Here’s a good method to start tuning your cluster.
For people running both enrich and shred, we’ll look at the volumes of the enriched archive since the shred job will be the most resource-hungry.
Let’s say that, on average, the archive enriched runs clock at around 2Gb of gzip-compressed files.
Let’s say that we have a compression factor of around 10, that gives us 20Gb of raw data in HDFS.
By default, the HDFS block size is 128Mb on EMR, that’s 160 blocks. We know that we have to reach at least a parallelism of 160 to read everything in parallel because there is a direct mapping between the number of HDFS blocks to read and Spark tasks.
Usually, we will want between 2 and 4 tasks per core. As a result, we need between 80 and 40 cores for our cluster. Let’s go with 40 cores.

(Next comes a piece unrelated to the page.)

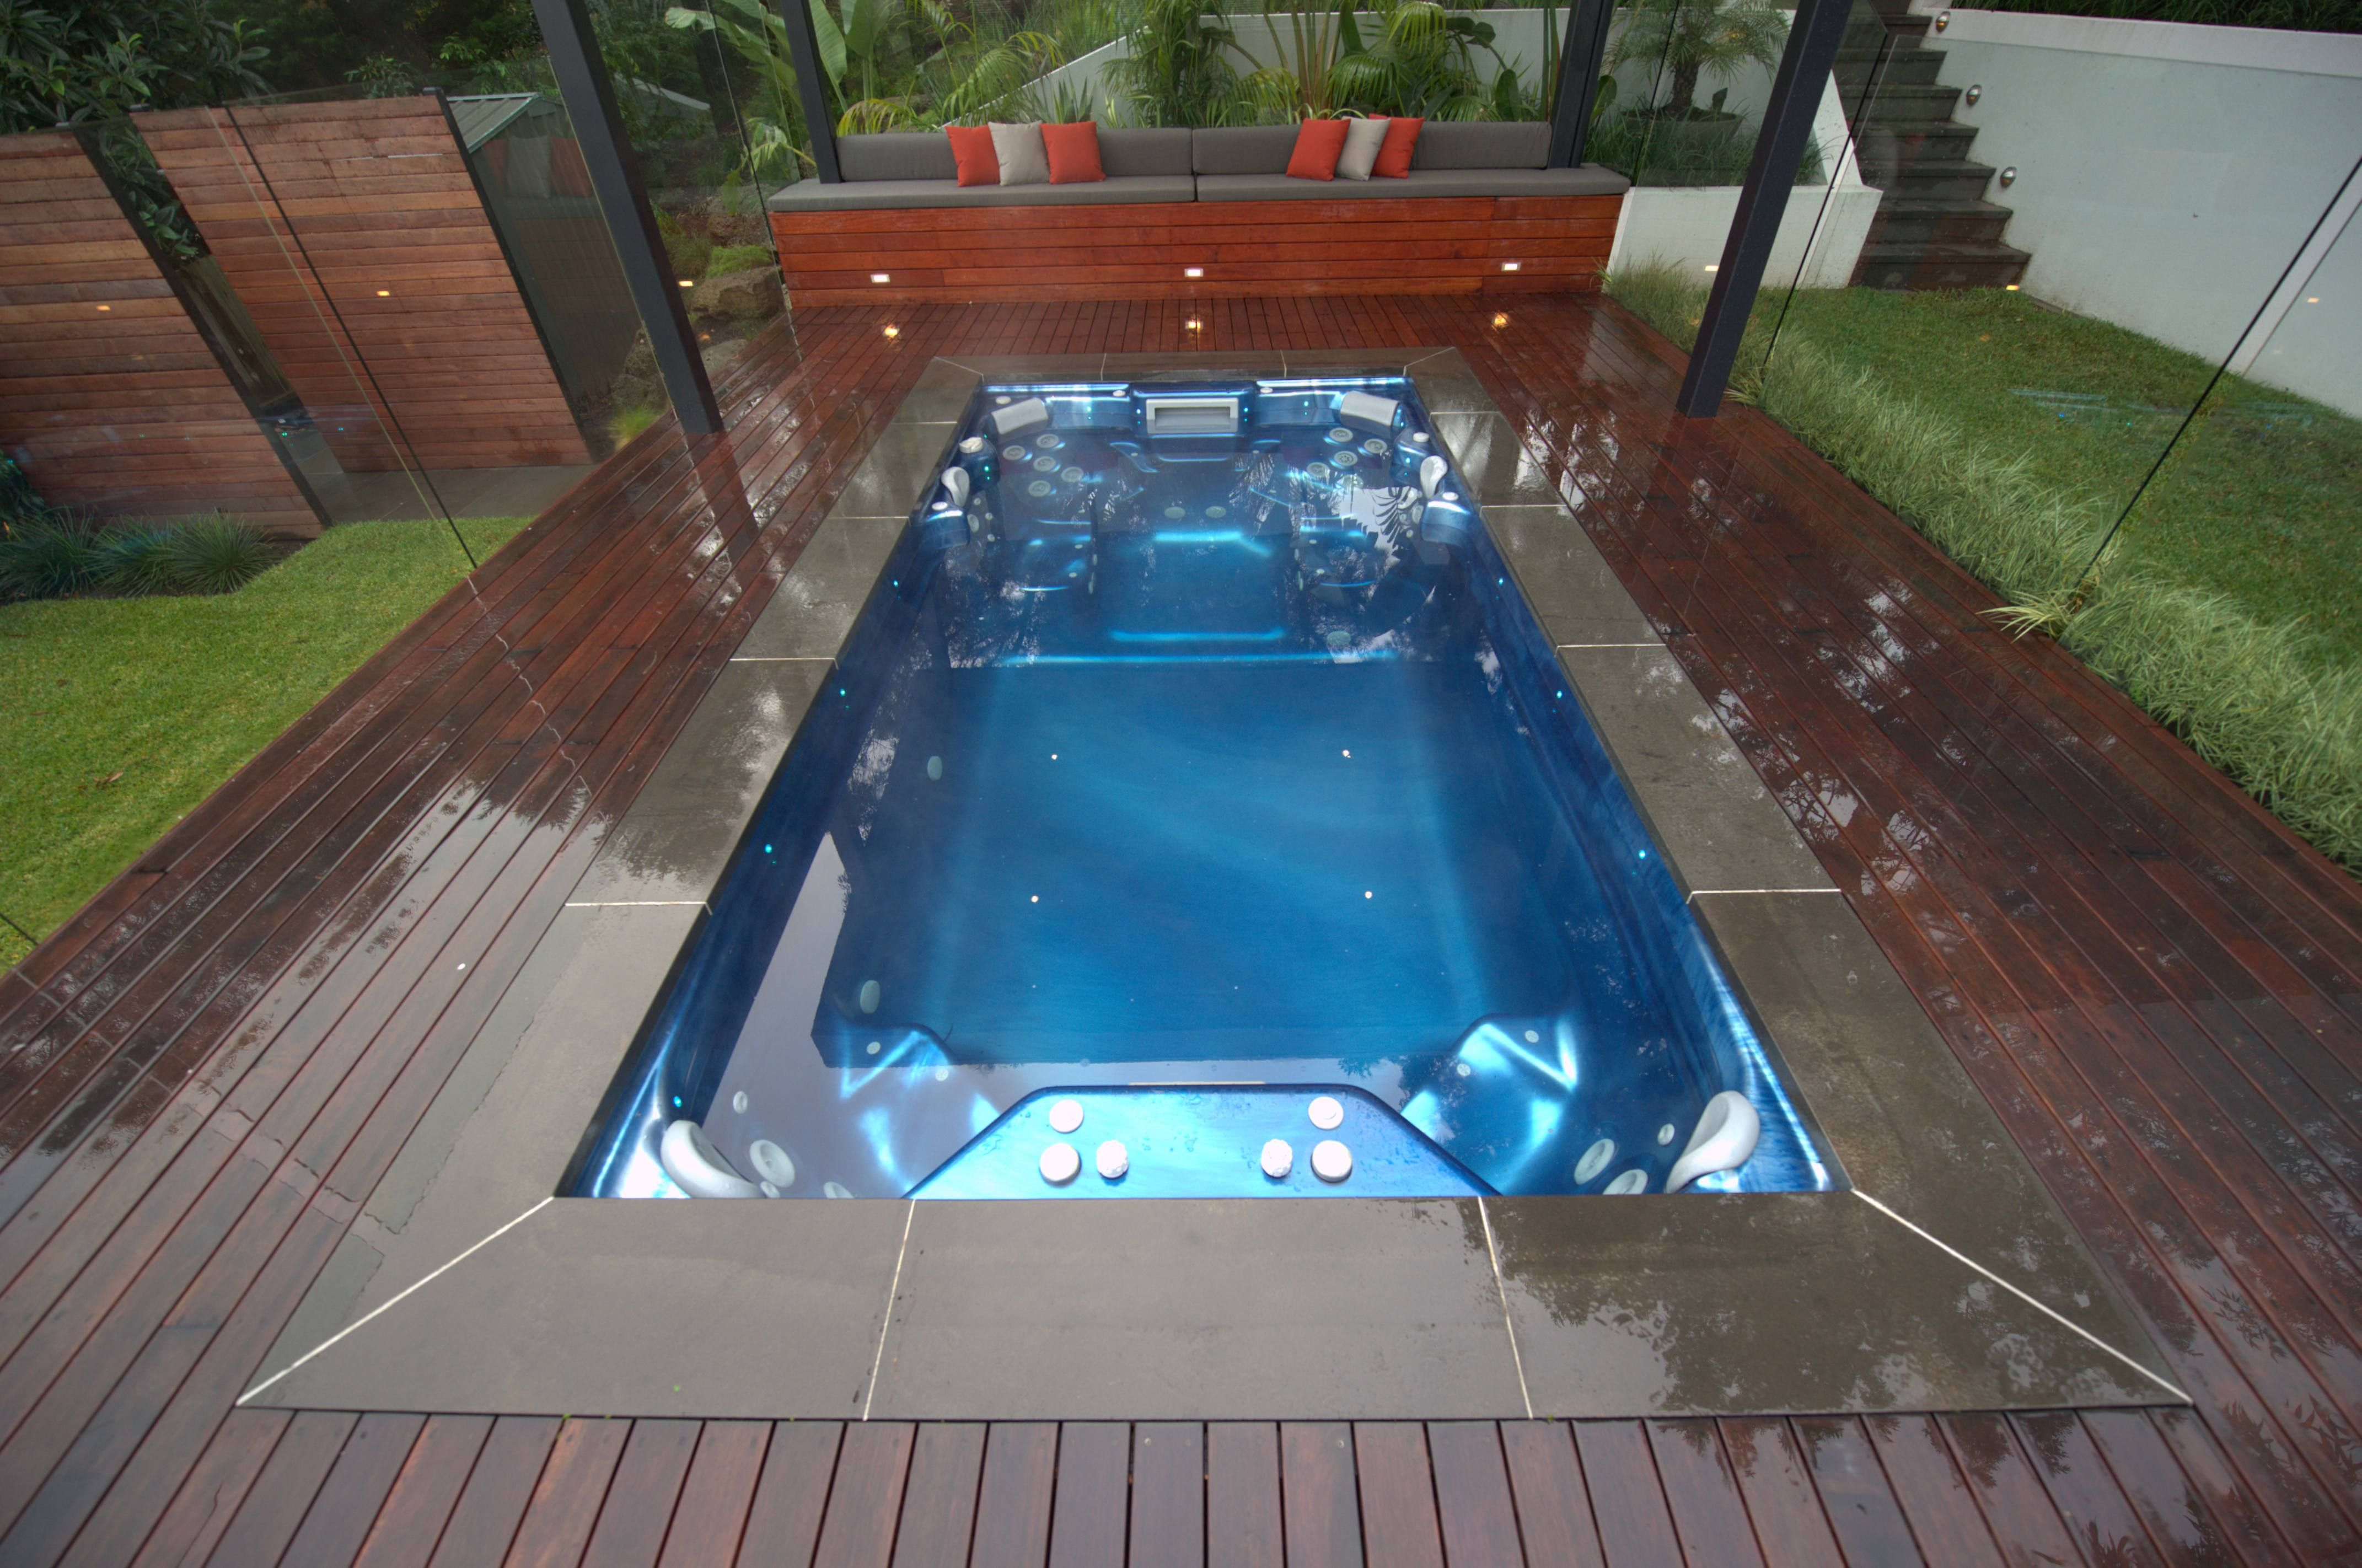 Best in Situ Portable Swim Spa 2013 | exteriors | Pinterest | Spa ...

At this point, we have to choose the instance type. There are two choices, either c4 (with 1 Gb per core) or r4 (with 7.6Gb per core). In our experience, c4 simply doesn’t cut it memory-wise. As a result, we’ll go with r4.

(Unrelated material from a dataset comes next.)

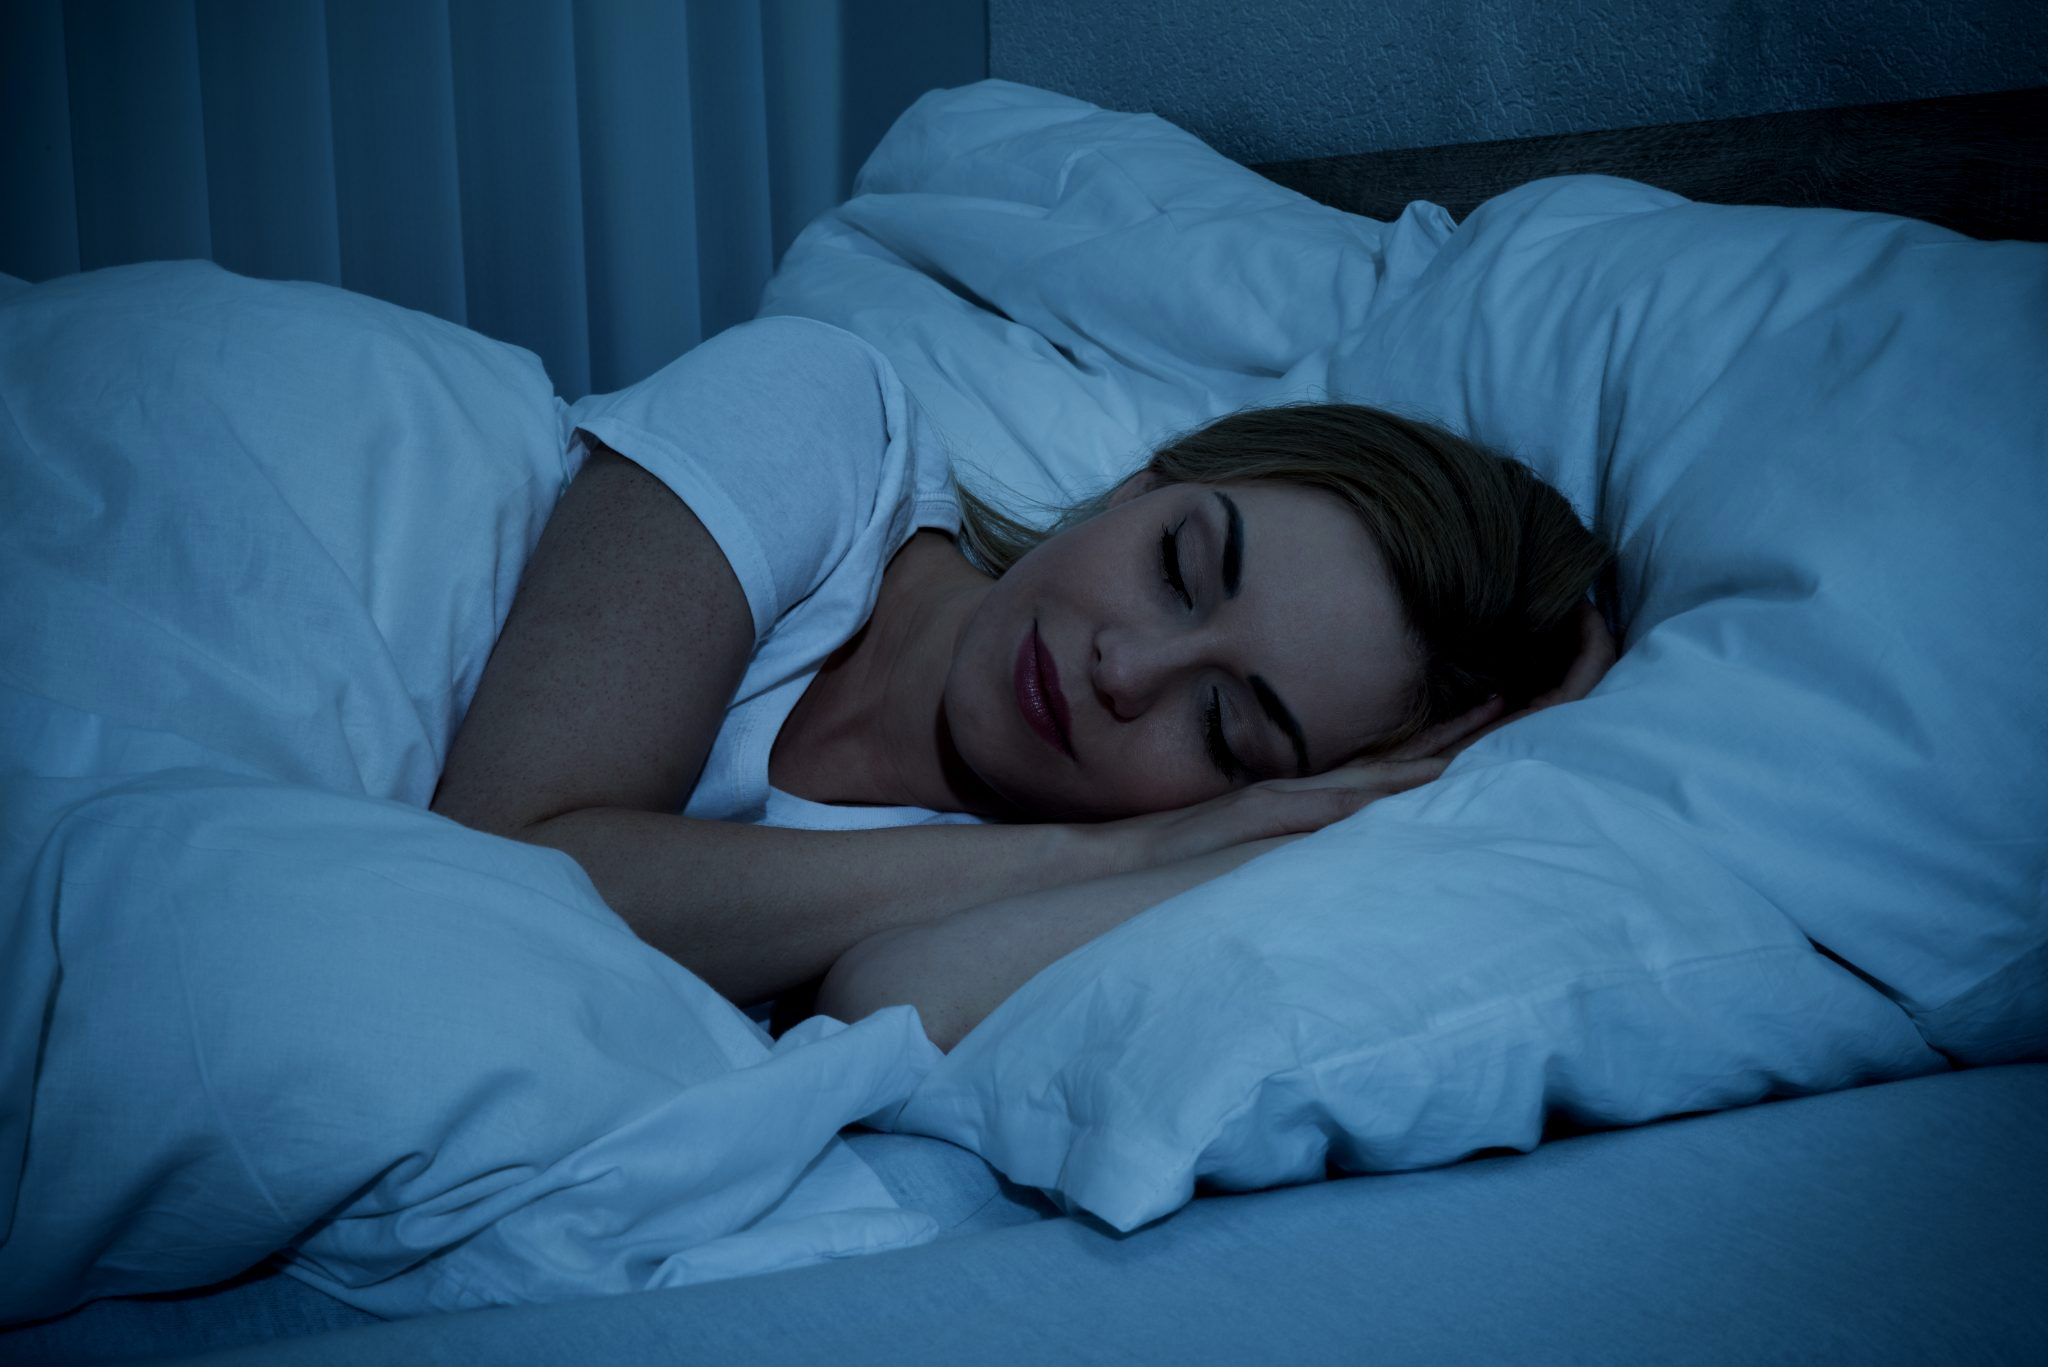 Cum sa am un somn odihnitor? Remedii simple si eficiente anti-insomnii!

We’ll pick 6 r4.2xlarge which gives us 48 cores. After that you can refer to the spreadsheet, however be careful that EMR doesn’t leave all the box memory to yarn and actually takes a lot out (e.g. it makes 23Gb available on r4.xlarge box which have 30.5Gb of memory). That’s why we’re specifying
yarn.scheduler.maximum-allocation-mb below (they are the amount of ram available 61440Mb minus 3584Mb for everything that is no spark: the OS, the datanode, etc).
Note that we further tuned
Memory overhead coefficient as 0.15 (gives better results in our experience) and
Parallelism per core as 4 as discussed above in the spreadsheet.
Once we have this baseline configuration running, we can further tune according to the information we gather while monitoring the job.
Final note on gzip, Spark shouldn’t have to pick up gzip files directly as the format is not splittable, i.e. a gzipped file of 10Gb will be processed by a single core. As a result, you need to either convert it to LZO or uncompress it. In the upcoming R97, we have modified the s3-dist-cp step moving the raw files collected by the clojure collector (which are gzipped) to HDFS to uncompress them.
Hope it helps.